◆ Work order: Leaving out the pictures, retype exactly the lines from the one holding "Scutece Huggies Pants" through the end of the material.

◆ Recorded information:
---*---
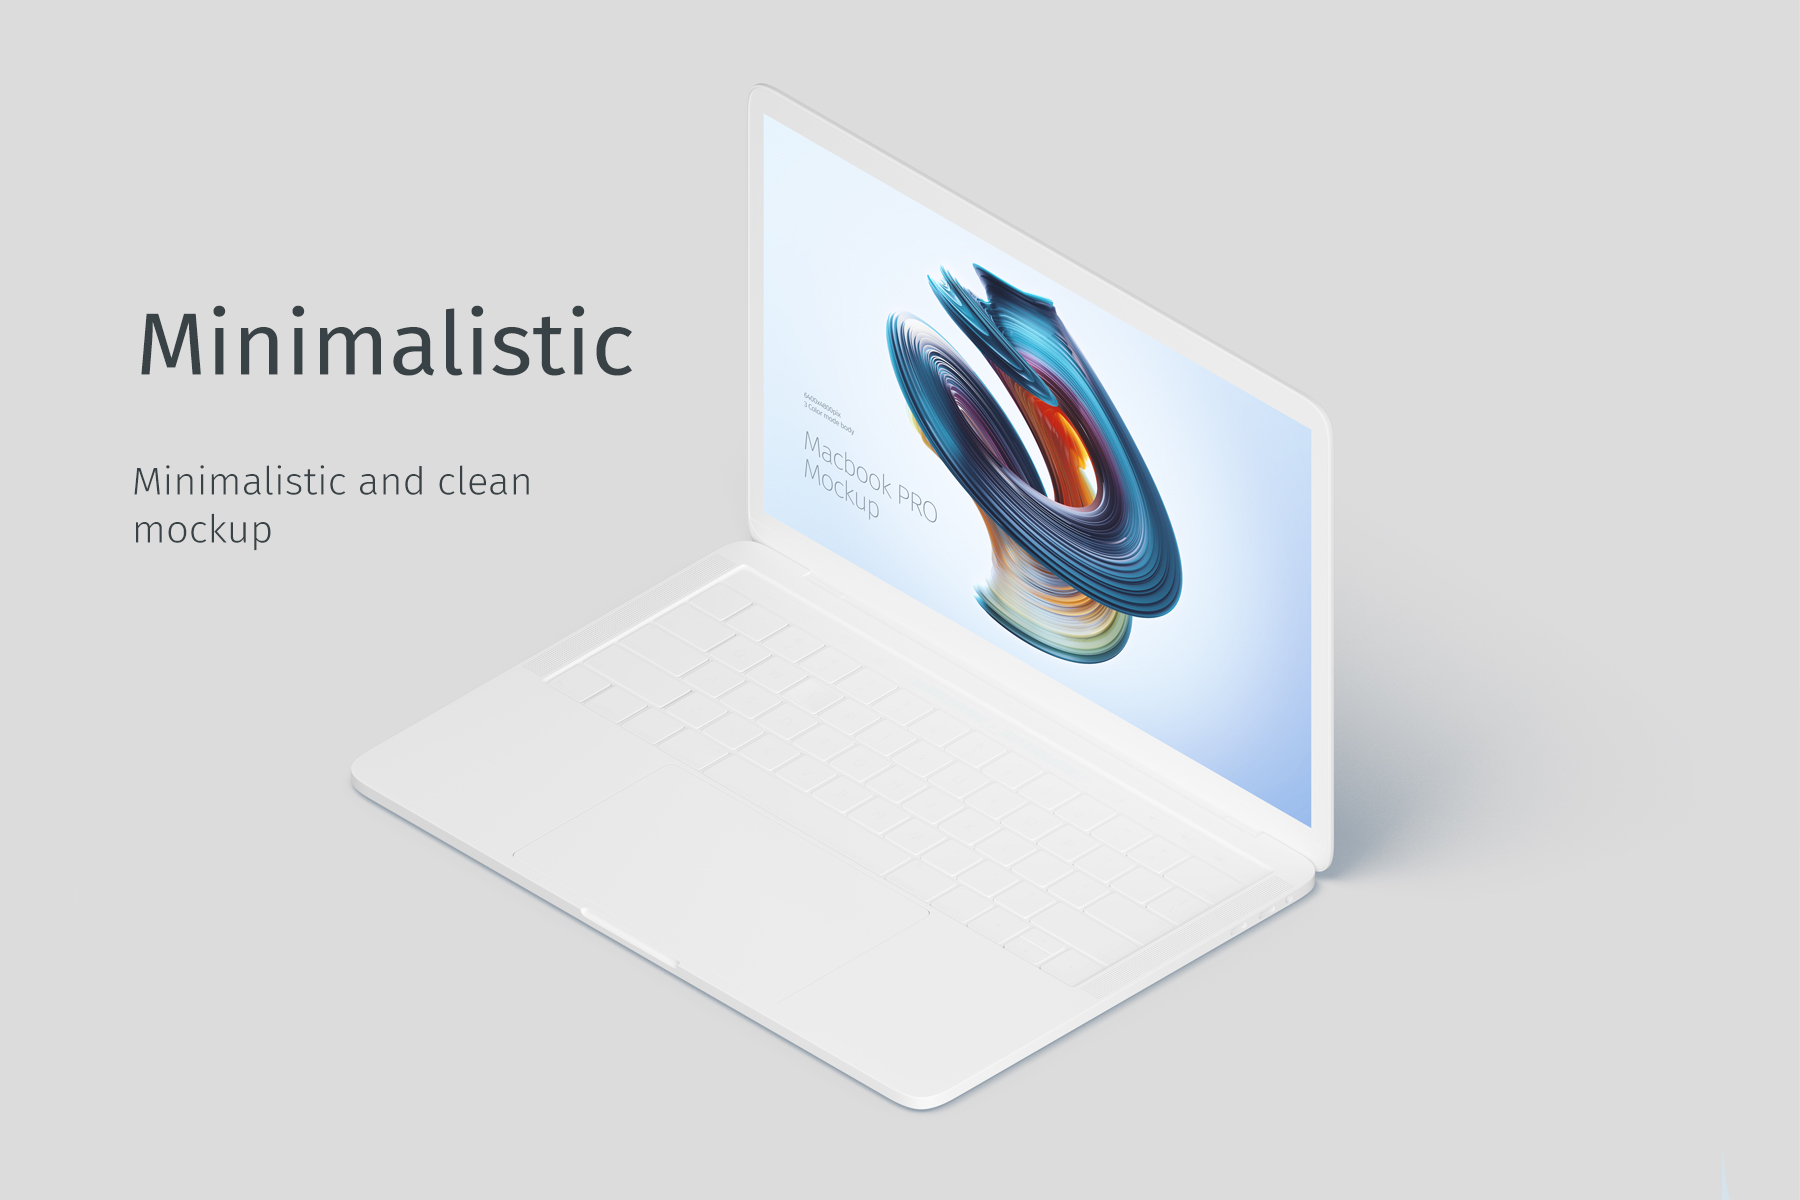 Macbook PRO Creative Mockup example image 4
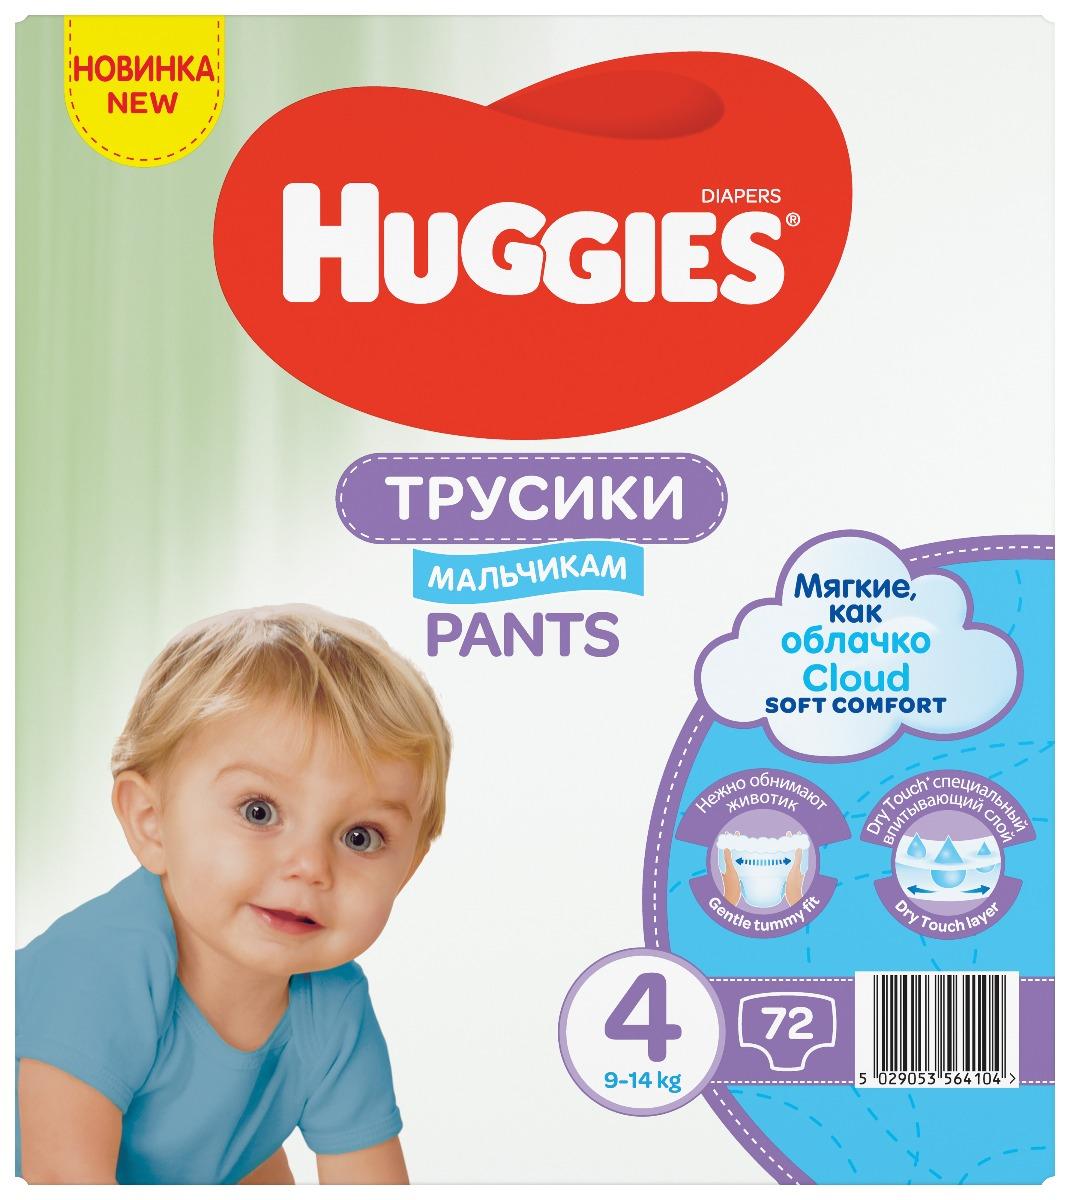 Scutece Huggies Pants Box Boys, Nr 4, 9 - 14 Kg, 72 Buc
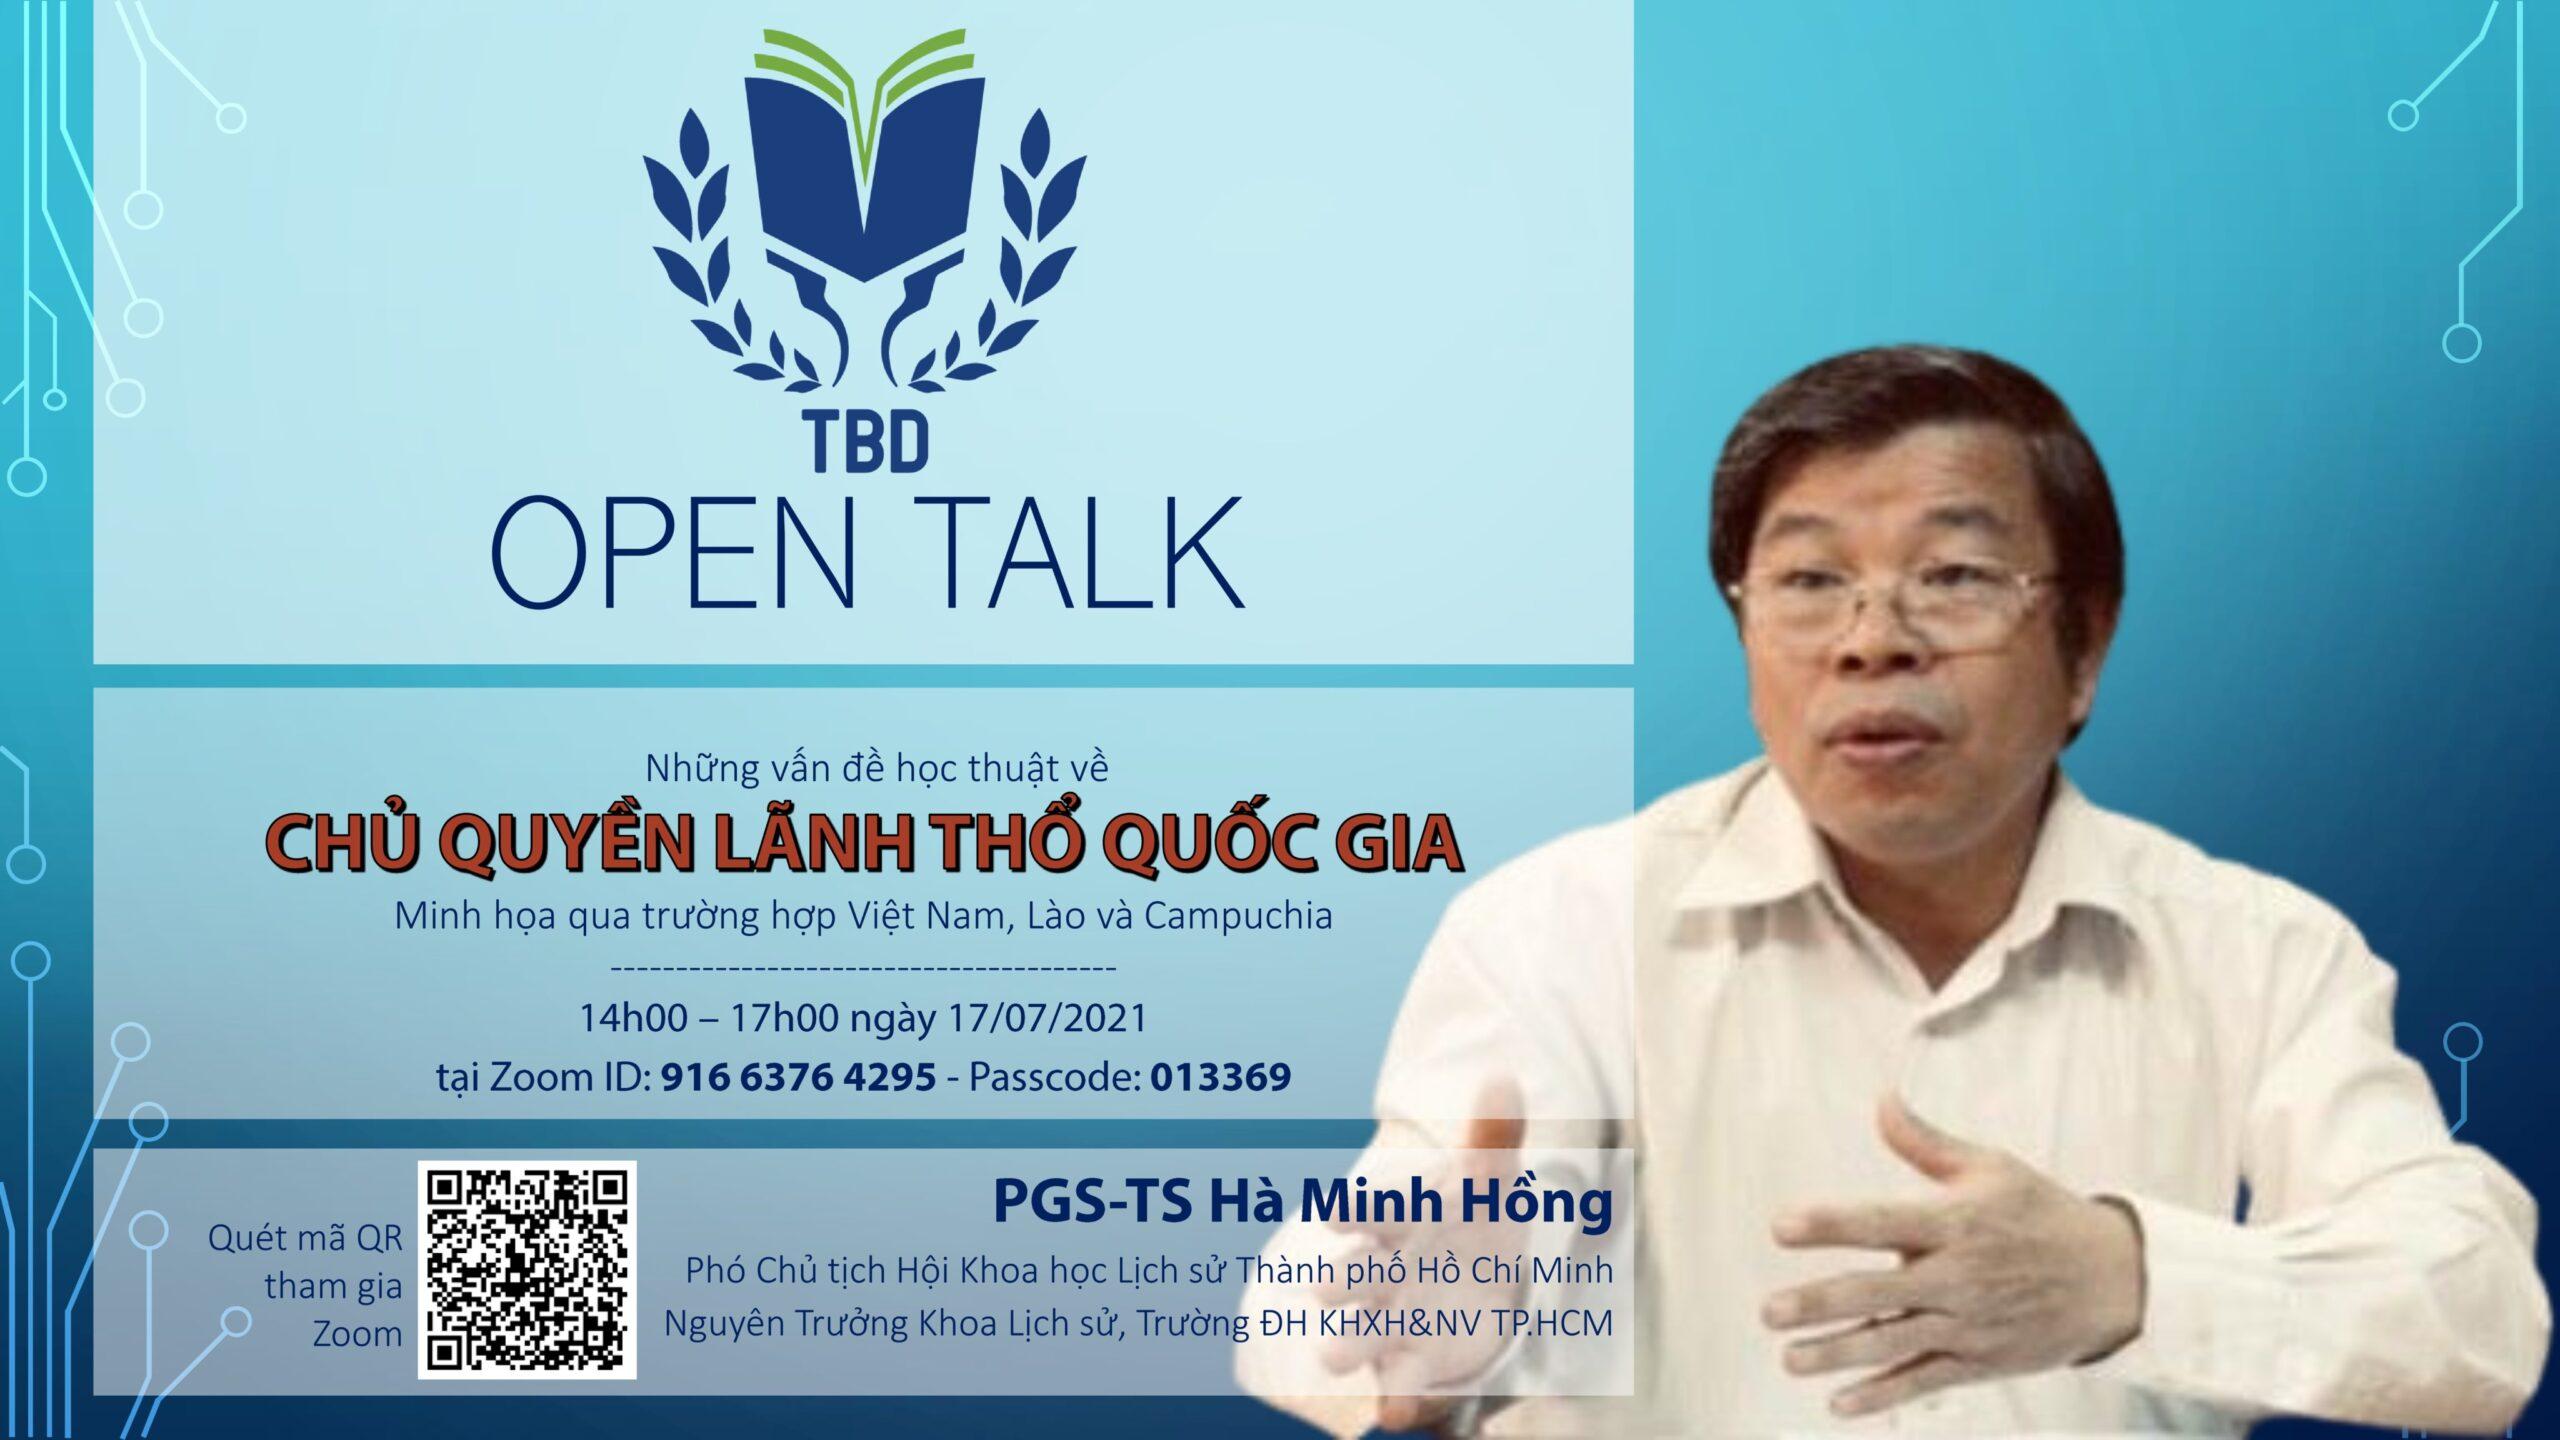 TBD Open talk
---*---
◆ Written answer:
 Scutece Huggies Pants Box Boys, Nr 4, 9 - 14 Kg, 72 Buc
 TBD Open talk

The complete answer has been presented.